This chair
To you it may just look like another chair in another classroom
But to me it represents the five-year-old girl who wanted to be a missionary
It represents the ten-year-old girl who planned out summer camps
and programs she could run in her backyard
It represents the teenage girl crying in her journal at night
because she felt like she would never fit,
because she just couldn’t keep quiet
It represents agonized prayers trying to change who I am and how I am gifted,
because “women must be silent”
This chair represents a confused twenty-one-year-old laughing at a God
who she thought both forbid and called her to ministry
It represents steps of faith and deconstruction,
and a faithfulness that held every moment of it all
This is the first chair I sat in in my first quarter of seminary,
and even though I can still barely believe it, I am called by God to minister and serve,
and I DESERVE to sit at this table
——–
I was twenty-one when the call finally broke through.
I could show you the journal page, wrinkled and smeared in a simple composition notebook.
“Ministry? Me? No way, Lord.”
The word came in the middle of one of the longest summers, on the heels of one of the longest academic years of my life.
I was halfway through college, and had spent my sophomore year diving headlong into my double-major in Biology and Sports Medicine, working myself into the ground trying to prepare myself for my desired career in physical therapy.
By the end of the school year I was angry, confused and exhausted.
I took a job that summer working as a day camp teacher at a nonprofit center in my hometown.
The days at camp were long and stressful, but they forced me to dig deep into the Scripture, and lean heavily on the Holy Spirit for strength – something that my pursuits in the medical field had not done.
One morning, I was finally quiet and still enough to hear the still small voice that been there whispering all along, and for the first time in my life I wrapped words around the call I felt in my heart.
I wrestled, though, and agonized.
I didn’t have any idea what being called to ministry would look like, I had very few role models to look to and I was consumed with doubt that God would actually call me – as a woman – to pastoral ministry.
But I followed.
In retrospect, I took more of a flying leap than just a step of faith, and I took a position on the pastoral staff of a church plant halfway across the country.
For the past six years I’ve served and struggled and wrestled with my call, and finally, this week I walked into a seminary classroom to begin working on my Master of Divinity.
4 Comments
So I also got a call of sorts at 21, changed my graduate school plans and am also mid-semester for my first year of MDiv.
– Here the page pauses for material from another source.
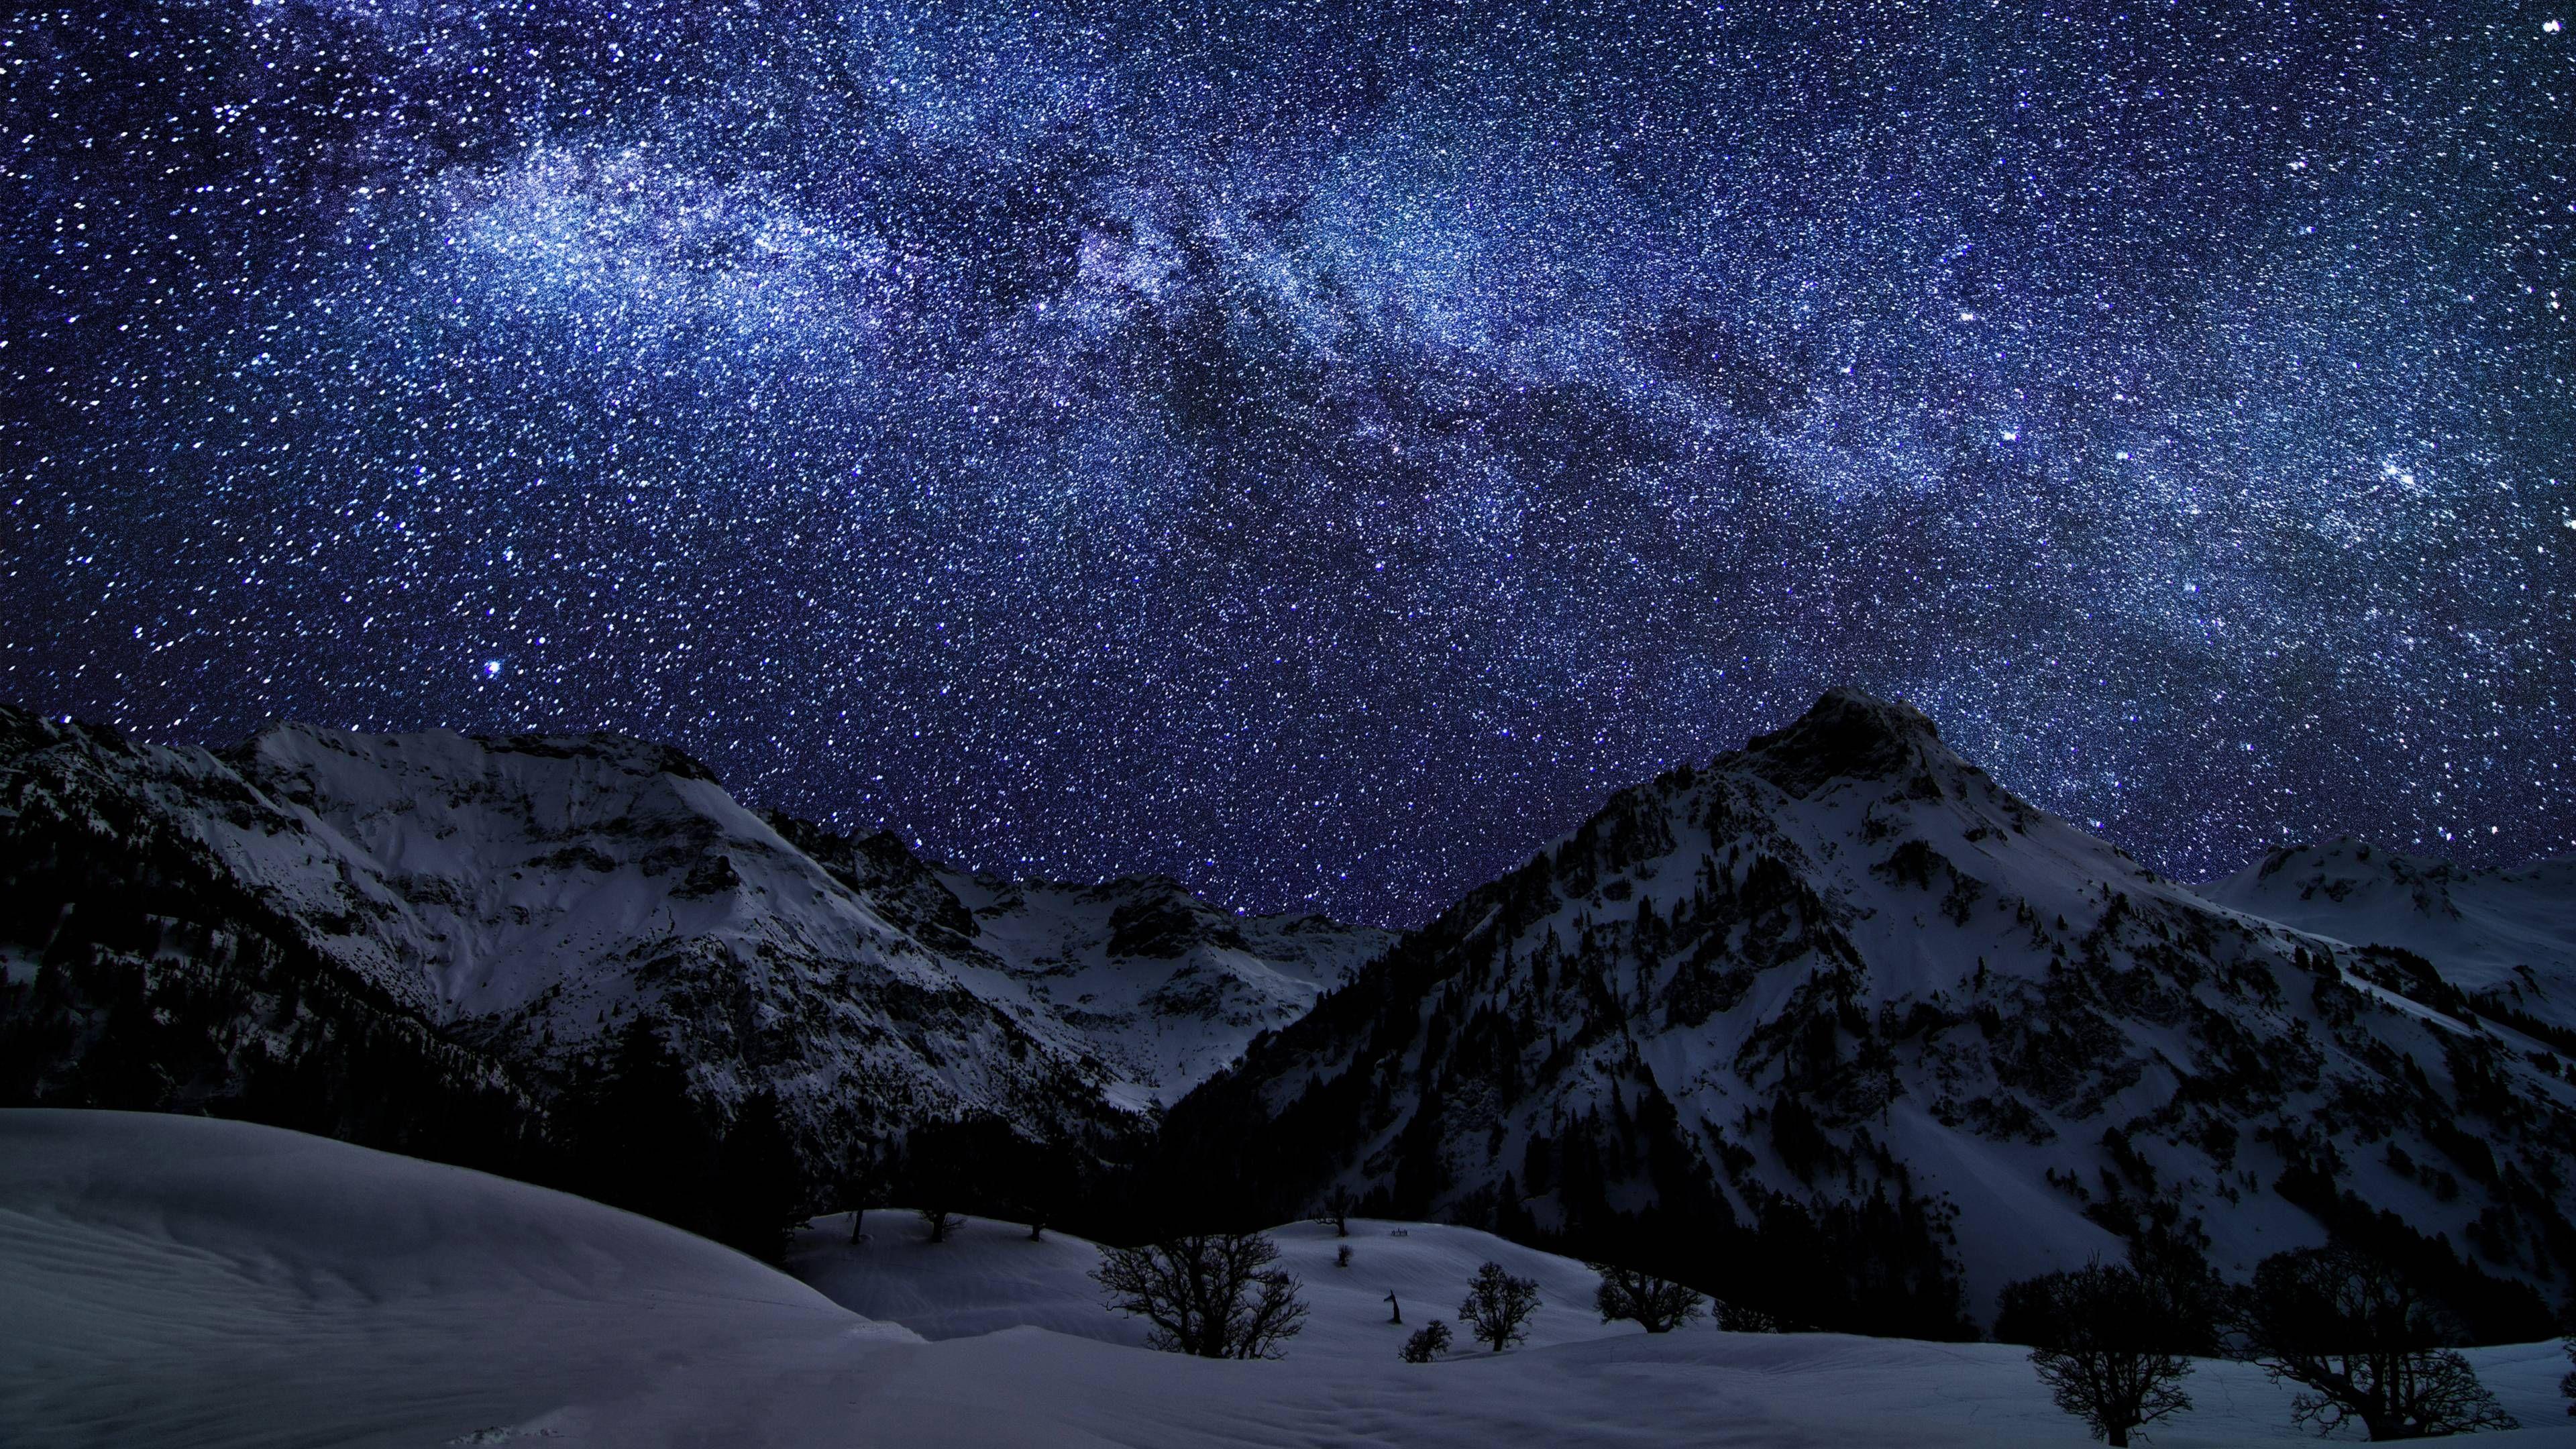 4k Wallpaper Dump Night Skies Winter Sky Sky

Terrifying but awestriking how God works. If he has called me, in my very complementarian denomination, and you in your life, we have good basis for our work. Prayers for you!
May your call deepen and your ministry flourish as you embrace the vocation God ordained for you well before you understood it. Cheering you on!
To God be the glory!
From a female seminary graduate 🙂
It’s a sad and ironic and beautiful irony that God uses the Scripture teaching and experiences with God in fundamentalist churches as a grounding to call many of us all in –into ministries of which those churches do not approve.
Megan, I completely resonate with your story. Thank you for sharing.